Lawmakers Rewrite Campaign Finance, Ethics Rules

Newsday — Thursday, June 10, 2004

Associated Press Writer

TRENTON, N.J. (AP) — In an attempt to police themselves, legislators Thursday voted to limit campaign contributions and tighten regulations on lobbyists and government contractors.

Lawmakers also agreed to test a system that would use tax money to pay for legislative campaigns.

"Public funding of legislative races represents a sure fire way of keeping special interests out of the elective process," said Assemblyman Joseph Roberts, D-Camden.

Voters are distressed by that money and its influence, he said.

"We have the opportunity to reverse voters' cynicism," Roberts said. "We have the ability to confront it."

Democrats pushed their package of legislation, saying it would clean up elections and control the influence of money in politics.

Most prominent is a measure that limits campaign donations from those who seek government contracts. That would end the practice of pay-to-play, which activists say allows politically connected donors access to no-bid work.

The Senate approved that bill 25-17, and also cleared 13 other related bills. Assembly members were debating the measures late Thursday. Since Democrats control both houses, they were expected to pass.

GOP leaders, however, said the bills don't go far enough, and insisted any ethics reforms should apply to elected officials at all levels of government. Republicans have their own reform plan, but Democrats have not signed on.

"This is a sad and weak attempt to reform a practice that is rotten to the core. I again call on Governor McGreevey to fulfill his promise to the people of New Jersey and declare this dishonest bill dead on arrival," said Sen. Leonard Lance, R-Hunterdon.

Government watchdogs also have faulted the reforms, but some praised the attempt at public funding for elections.

"We're thrilled," said Steve Bonime of Citizen Action. "This is the beginning of clean elections for New Jersey, the beginning of voters who have the choice of candidates who aren't beholden to special interest donors."
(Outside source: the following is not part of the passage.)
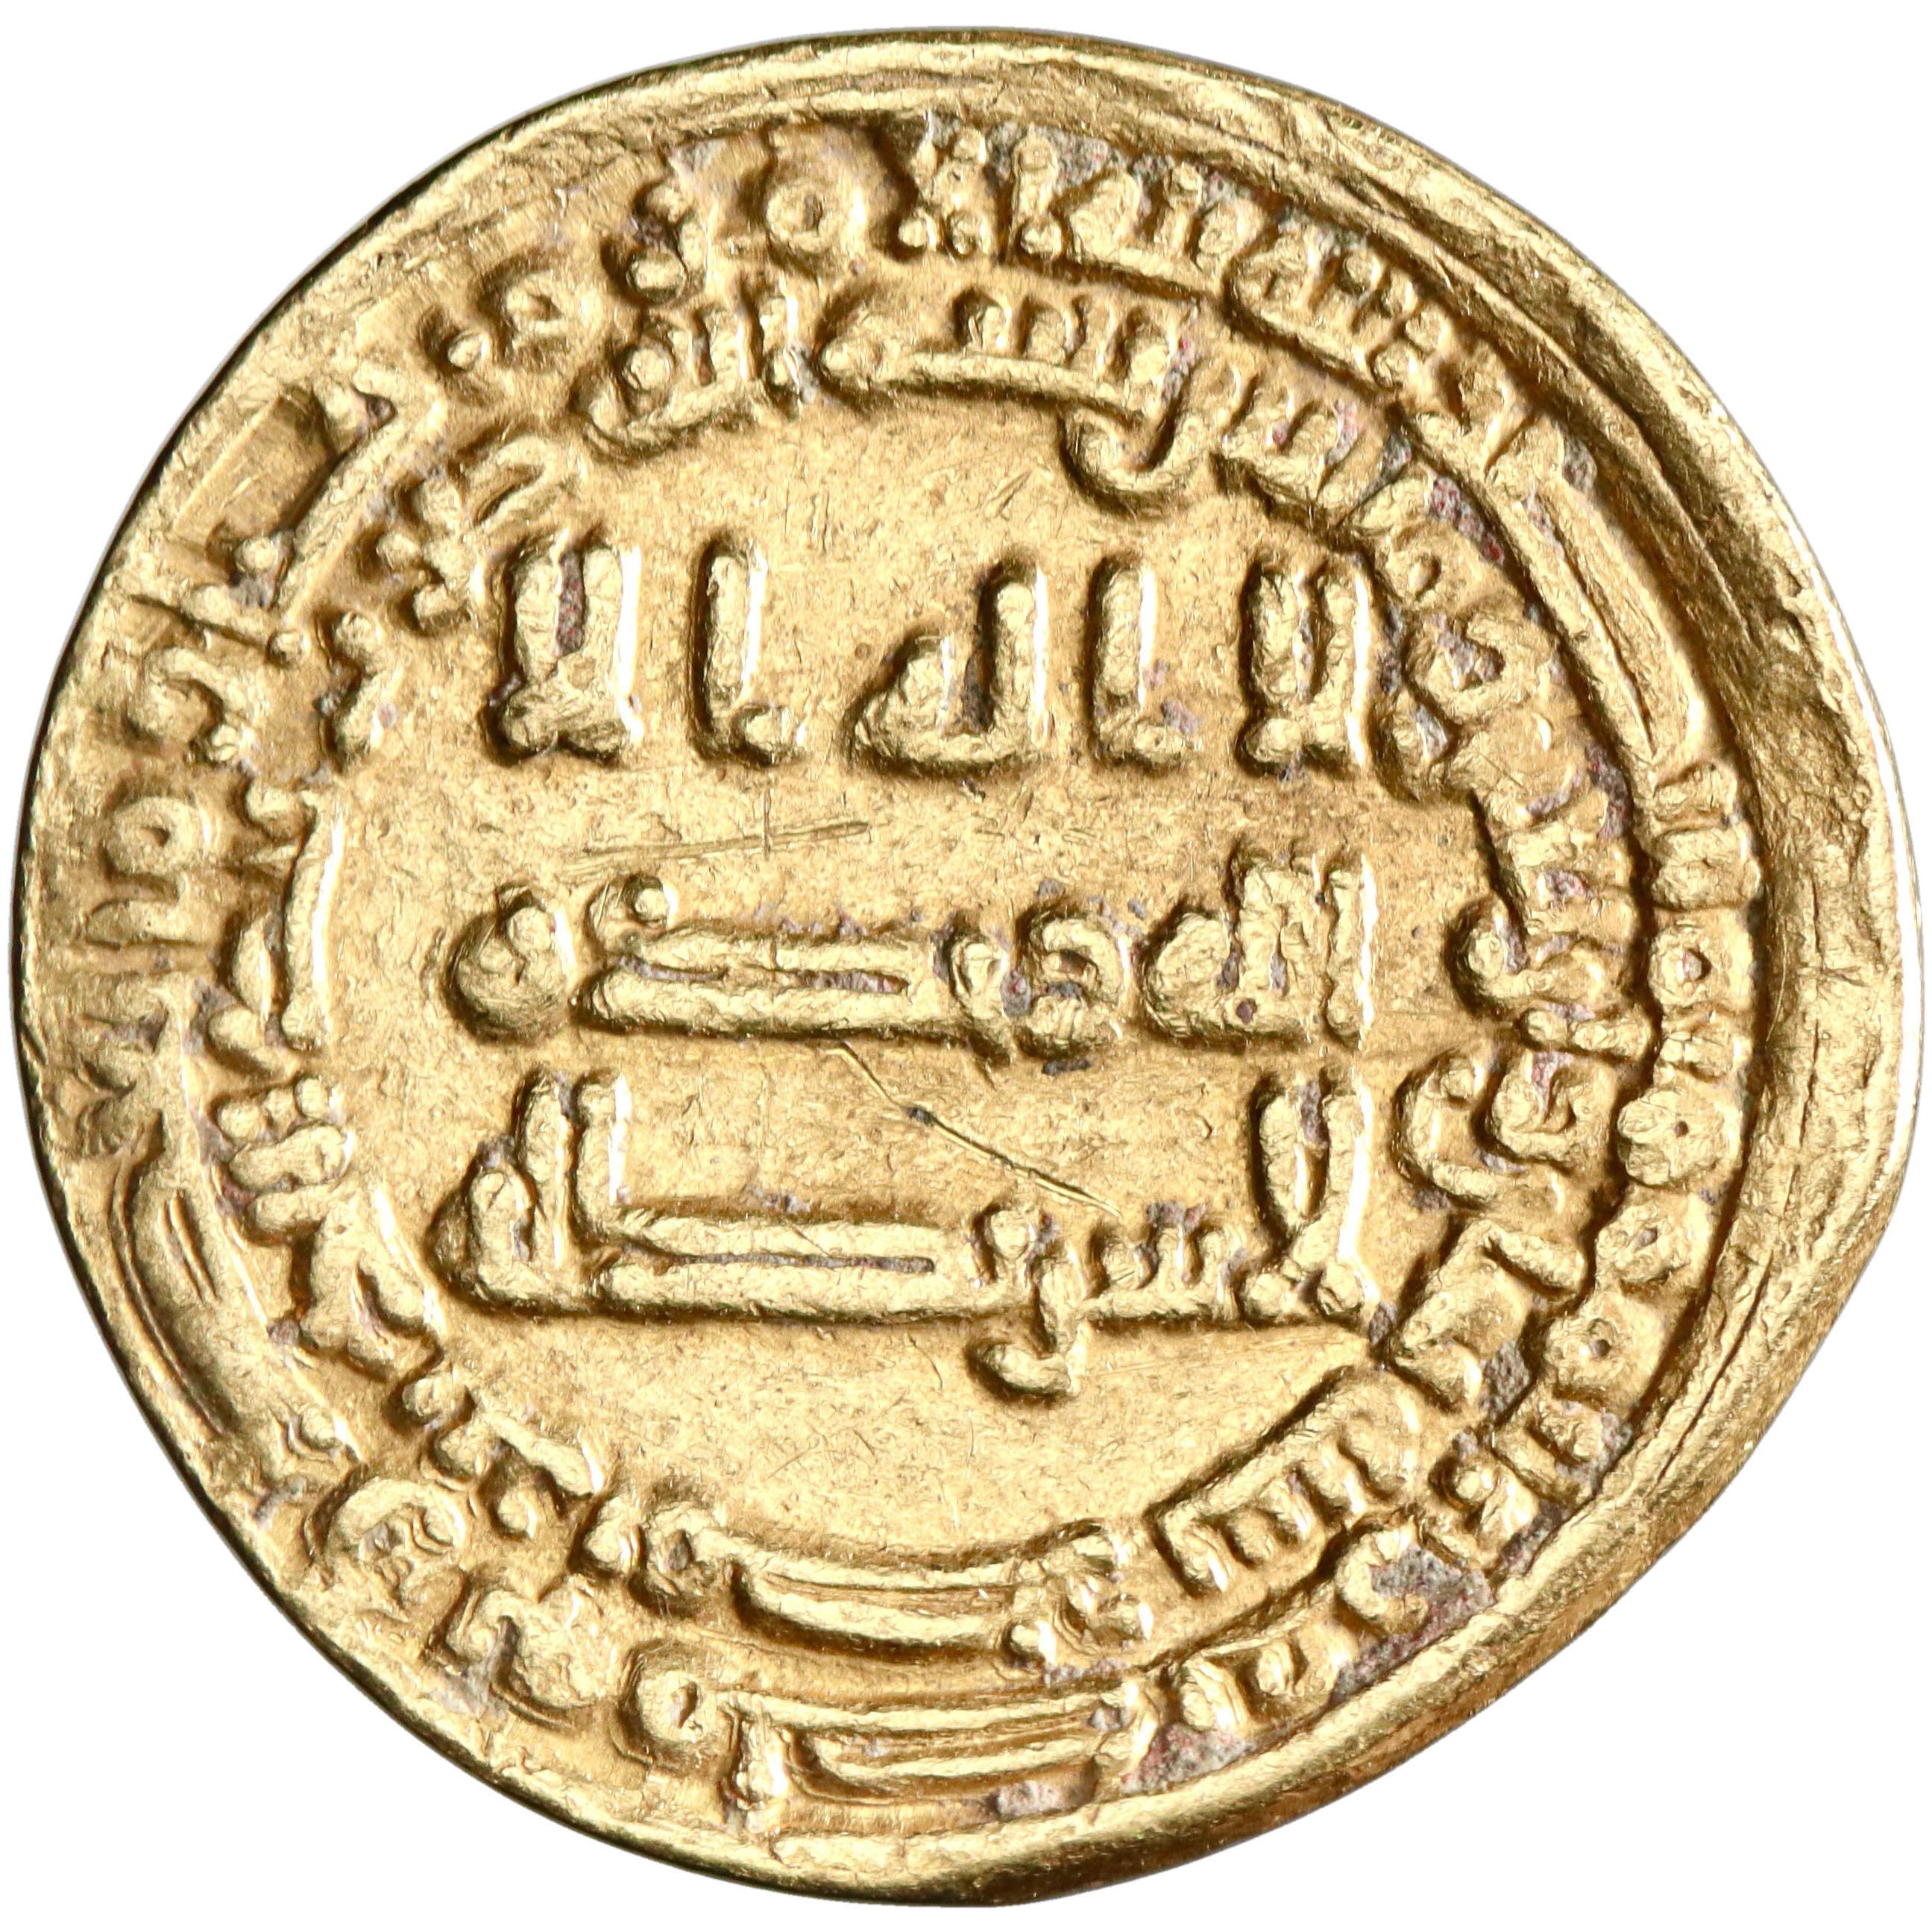 Abbasid, al-Musta'in, gold dinar, Misr (Egypt) mint, AH 248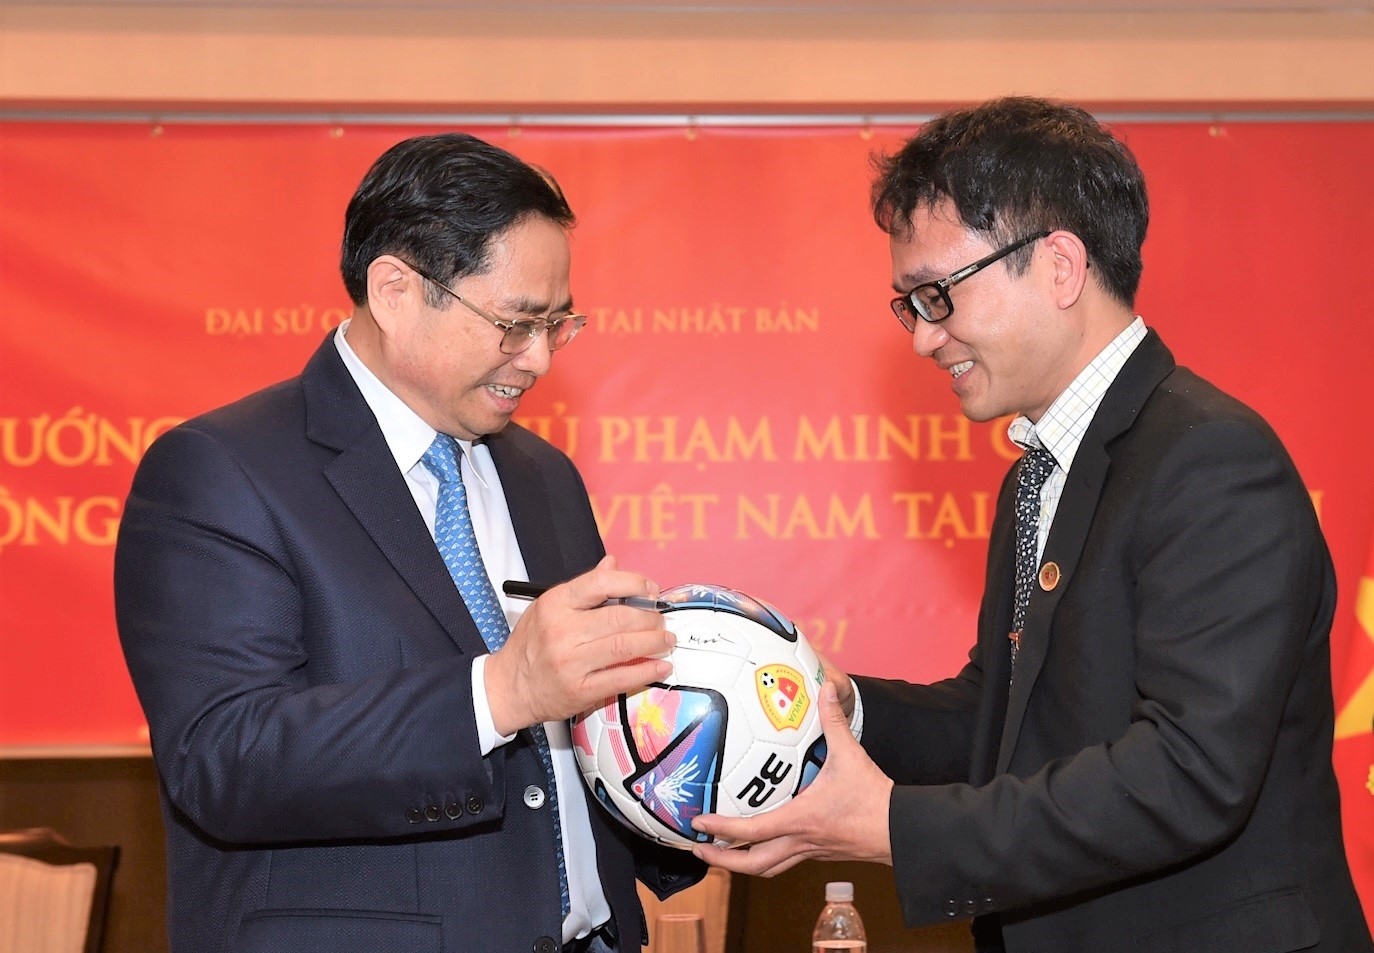 Thủ tướng ký tên lên quả bóng đá giải đấu giao hữu giữa cộng đồng người Việt tại Nhật. Ảnh: VGP/Nhật Bắc

Gov. James E. McGreevey pushed legislators to expand the pay-to-play bills and he wanted ethics reforms passed by July 1. The governor also demanded that lawmakers include themselves in campaign disclosure laws, another bill that passed Thursday.

Although he supports the reform efforts, McGreevey will review the measures.

"We're happy with the progress on a lot of the key points the governor has made, but were going to take a look at it," McGreevey spokesman Micah Rasmussen said.

Ethics became a hot topic last year when Republican Senate President John O. Bennett and several other lawmakers lost re-election campaigns after ethics issues were raised.

Lawmakers have talked about reforms in the past. The Assembly agreed this year to bar its members from hiring family members. The Senate last year voted to limit contracts to donors, but that measure never cleared the Assembly.